As Bad Bunny Heads to the Super Bowl, Here’s a Reminder That Puerto Ricans Are US Citizens

Bad Bunny Graces the Cover of TIME Magazine's First Spanish-Language Edition
Kevin9625Ja, CC BY-SA 4.0 , via Wikimedia Commons

Bad Bunny will headline the Super Bowl halftime show on February 8 in Santa Clara, a booking that places one of Puerto Rico’s most influential artists on the largest stage in U.S. entertainment while reopening a familiar question for many Puerto Ricans living on the mainland, which is how visible you can become before your belonging is quietly measured.

In recent days, federal immigration agents confirmed they will be present outside Levi’s Stadium as part of routine security operations connected to the event, a detail that entered the conversation around the performance even though the Super Bowl is known for drawing corporate executives, celebrities, and fans who often pay thousands of dollars for a single seat.

The announcement has prompted a broader reflection on what it means for a Puerto Rican artist to headline this type of institution while carrying an identity shaped by laws most viewers rarely consider.

Bad Bunny On One of the Largest Stages in the U.S.

Bad Bunny built his career without translating himself for the industry, choosing to keep his language and cultural references intact as his audience grew.

Born Benito Antonio Martínez Ocasio in Vega Baja, Puerto Rico, he released his first music online while working in a grocery store, then moved through Latin trap, reggaeton, and pop without reshaping his accent or softening his point of view. His albums remain in Spanish. His interviews often move between humor and blunt honesty. His visuals draw from island life and the complicated experience of growing up under a US flag that rarely feels reciprocal.

The Super Bowl halftime show has long functioned as a cultural checkpoint where artists are expected to feel universally comfortable. However, Bad Bunny does not adjust himself to fit that expectation. Instead, his popularity developed on his own terms, and his presence asks audiences to meet him there.

What the Jones Act made official

Puerto Rico came under United States control in 1898 after the end of Spanish rule, though people born on the island remained legally separate from the rest of the country for years.

In 1917, Congress passed the Jones Act, granting United States citizenship to Puerto Ricans. That law allowed people born on the island to move freely to the mainland, work without visas, serve in the military, and hold U.S. passports. It also placed Puerto Rico under federal authority without granting full political power.
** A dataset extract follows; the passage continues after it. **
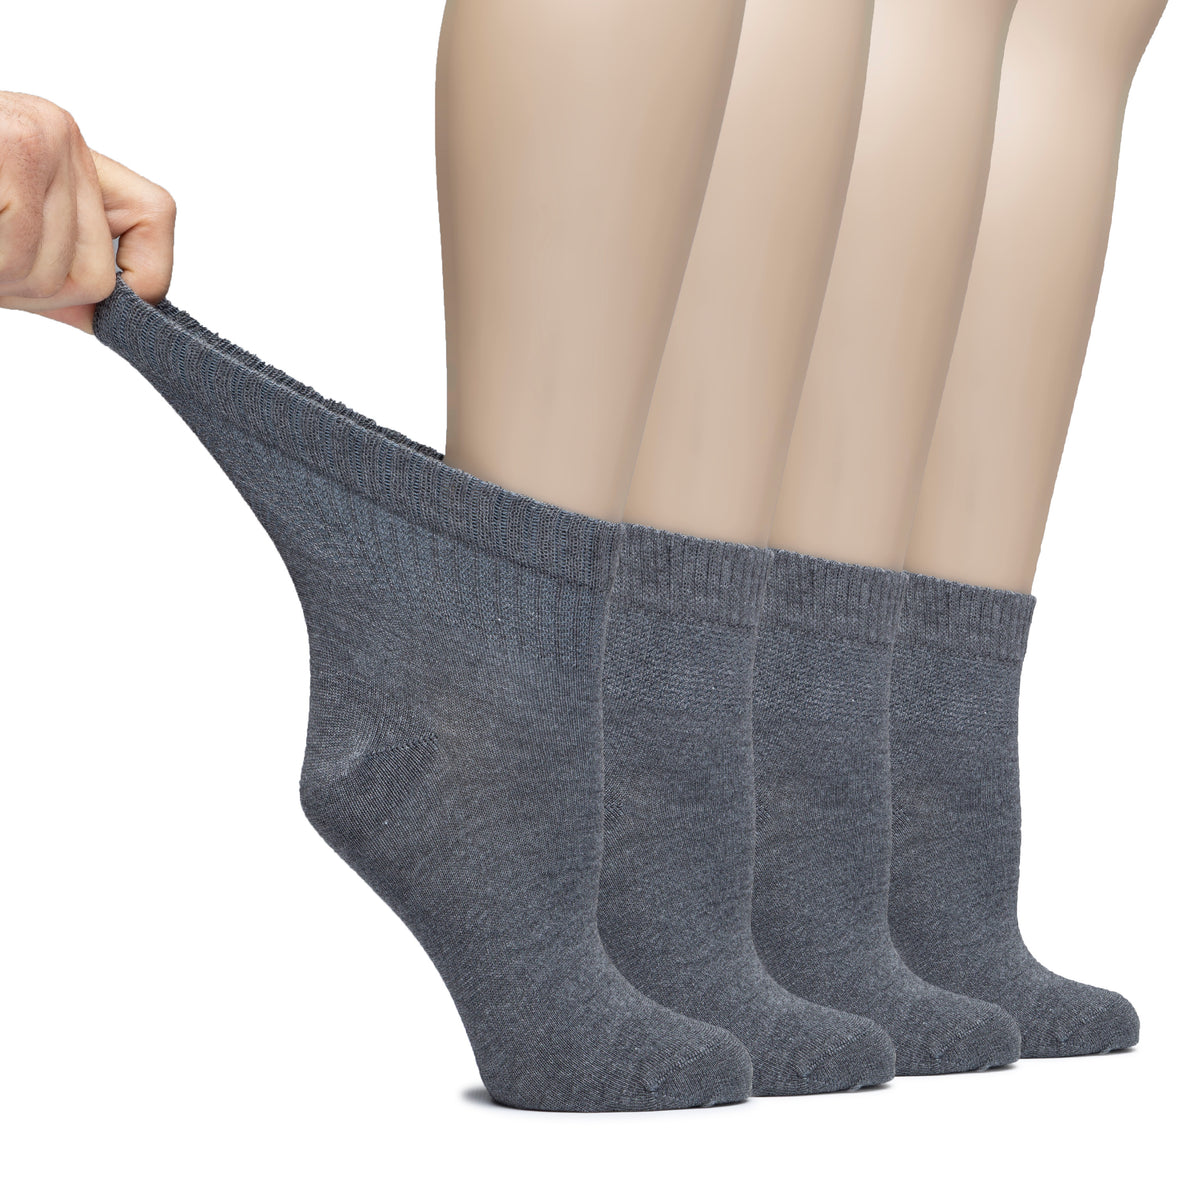 Hugh Ugoli Lightweight Women's Diabetic Ankle Socks Bamboo Thin Socks Seamless Toe and Non-Binding Top, 4 Pairs, , Shoe Size: 6-9/10-12 | Shoe Size: 6-9 | Navy Blue

Puerto Ricans vote in party primaries and pay federal payroll taxes. Yet, they cannot vote for president unless they live in a state, and they have no voting representation in Congress.

As you can see, their citizenship arrived with boundaries written into it.

That history explains why moments like this carry emotional weight. In recent days, some online reactions to federal agents being present around Bad Bunny’s performance have included jokes and even suggestions that he should be detained or sent “back” to his country. The comments miss a basic reality. There is no country to send him back to. Puerto Rico is his home, and he is a citizen by law.

Super Bowl Sunday will place a Puerto Rican artist at the center of the country’s largest broadcast as federal agents prepare to operate nearby, a contrast shaped by the same history that granted citizenship without full belonging.

The Much-Anticipated Performance

Bad Bunny will walk onto that stage as a Puerto Rican man whose citizenship was defined by Congress long before he was born, whose language remains Spanish, whose island remains governed by rules it did not design, and whose audience includes millions of Americans who still confuse territory with foreignness.

He will perform songs shaped by reggaeton and memory. He will do it without translation.

Some viewers will tune in for fireworks and choreography. Others will notice something quieter, which is the sight of an artist from a small island carrying his accent and his identity onto a stage that has rarely made space for both without conditions.

There will be no segment explaining the Jones Act and no caption clarifying Puerto Rico’s status, yet the story will be there all the same, written into the voice, the music, and the presence of an artist who never stopped carrying his island with him.